如果只有祖父一人,或許季清禾真當了意外。
可世間從無巧合一說。
陛下的病癥同祖父一般無二。
那么真相只有一個。
“不是生病?”樓靈澤有些茫然。
季清禾眼眸漆黑, 看不到一絲光亮。
“他中毒了。”
誰下得手?
現在想來,季清禾居然毫不意外。
年前, 穆昊安宴客的酒樓。
他與那人打過照面的。
“歲考那晚,恒王的門客與胡商在【百花樓】里碰過面。慶王出現后,對方便在京城消失無蹤了。”

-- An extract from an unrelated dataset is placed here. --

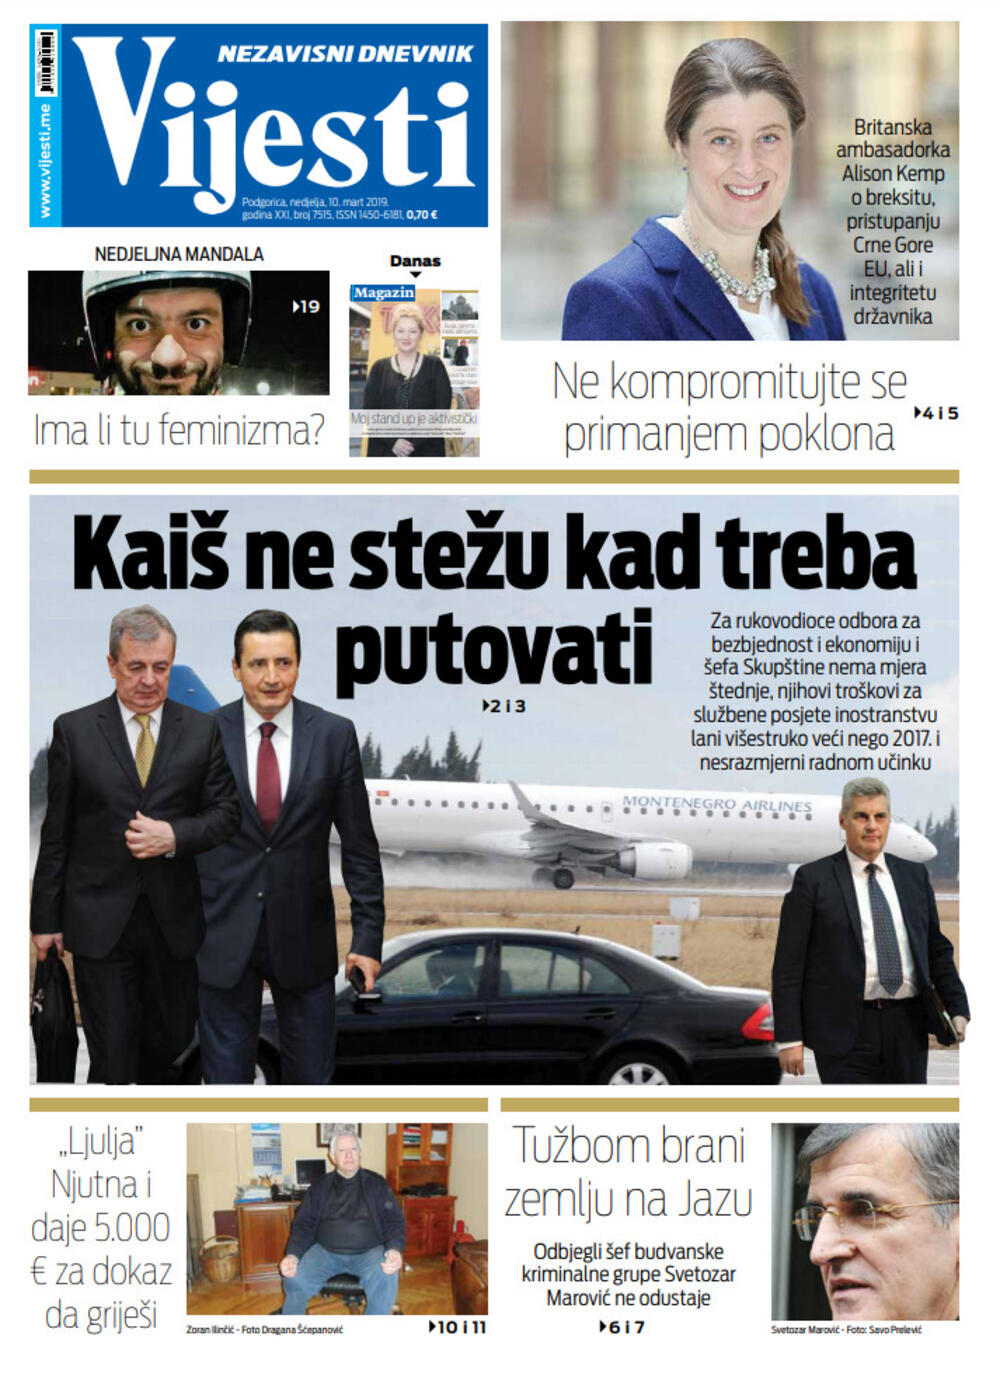 Naslovna strana "Vijesti" za 10. mart, Foto: Vijesti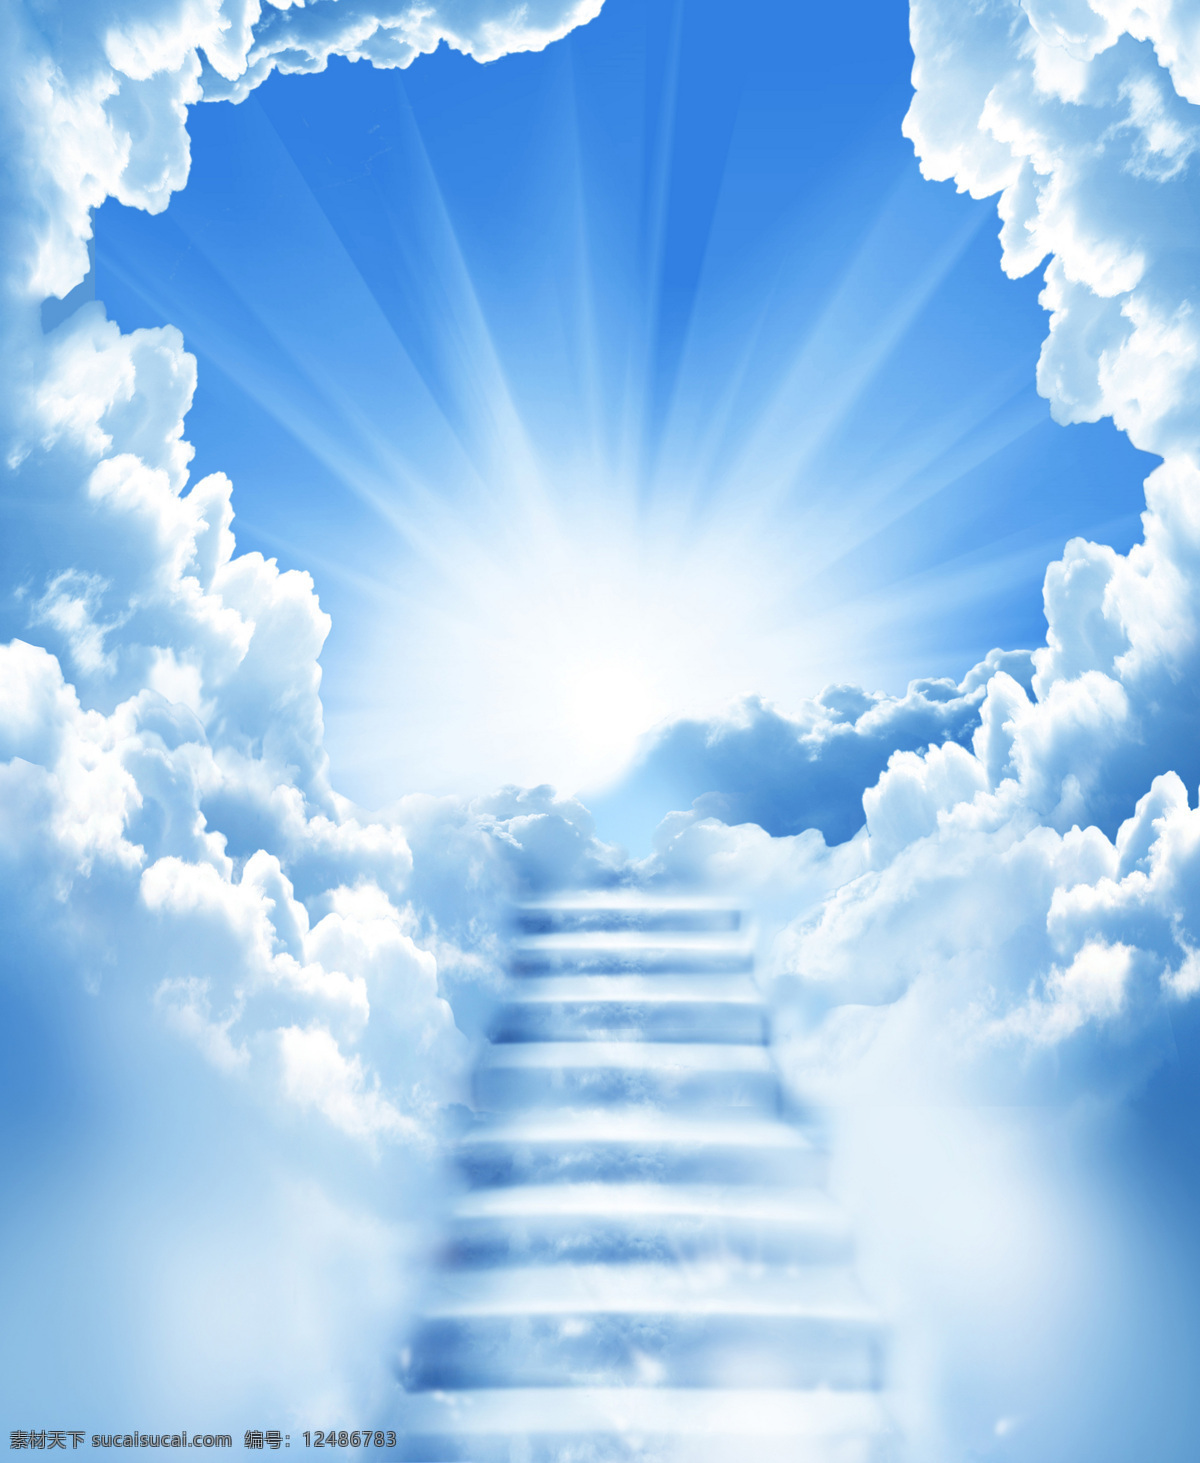 蓝天 白云 天空 之路 蓝天白云 云团 云朵 云彩 阶梯 楼梯 台阶 天堂之路 阳光 光线 高清图片 风景图片

此番入關,胡商不僅帶來大量香料和寶石,各種奇門藥材更不在少數。
季清禾還著人買過一些用來研究吃食,香料則是送去給各家女眷的,數量很是可觀。
他以茶葉與瓷器作為交易,彼此都很滿意。
西域之人對中土奉為天國,一罐茶葉、一件青花,即可售出天價。
對方不怎么誠信,但東西真心不錯。
卻不想恒王與之交易之物竟如此兇險!
這么說…那人在驛站多日,是為了等候恒王召見?
那些家伙布局了如此之久?
他明明看見了,明明知道其中肯定有問題,卻選擇忽視。
他不是什么好人,這些年來算計的人也不計其數,他以為不過是派系間的狗咬狗,他樂見其成。
老師總說他心太冷、太硬,可謂秉性涼薄。
祖父也告誡過他,但季清禾沒覺得有這樣什么不好。
沒有心,便不會有心痛。
沒有心,旁人更傷不了。
能取舍利弊,能殺伐果決,能不留余地。
不成想反戈一擊,離弦的箭正中了他的心口。
如果他當初多問一句,讓人多查一查,或許不會有這樣的疏漏。
又或許,祖父就不會慘死……
手下的茶碗翻了。
季清禾控制不住要這么去想。
他的冷心冷情令他犯了個致命錯誤!
可現在為時已晚。
恒王掌握了內廷外圍的禁軍,只手遮天。
陛下等人被困在宮內,情況不明……
季清禾相信樓雁回自有應對之法。
可他還是忍不住會去擔心對方,會去想那人是不是也會因他的計劃受了牽連?
因果循環。
所以一切都是他這些年來的報應?
一旁默不作聲的樊郁突然開口。
“謝今呢?”
從叛亂開始,他們一直沒收到謝統領的消息。
太反常了。
樓靈澤面色古怪,似比樊郁更疑惑。
“樊大人不知?謝統領早先被關入天牢了。”
“什么!”
屋內三人大驚。
具體情況樓靈澤也不知,是照看他的宮女聽伙房的人說的。
前些日子謝今因辦事不力,被陛下斥責跪于雪地。
副統領又在御前挑唆,差點讓他挨上八十廷杖。
好在洪總管在一旁說情,這才才幸免重刑。
饒是如此,謝今也受了三十重棍,被丟進天牢反省。
陛下吩咐不許太醫前去醫治,而后龍體有恙更無人敢提及此事,想來如今應該還關在牢里……
樊郁挺拔的身形驀地晃了晃,緩了幾個呼吸才穩住心神。
不外樊郁表現異樣,謝今曾師從樊郁,是他一手提拔。
但謝今也提過兩人關系不睦,話里話外有幾分過節的意思。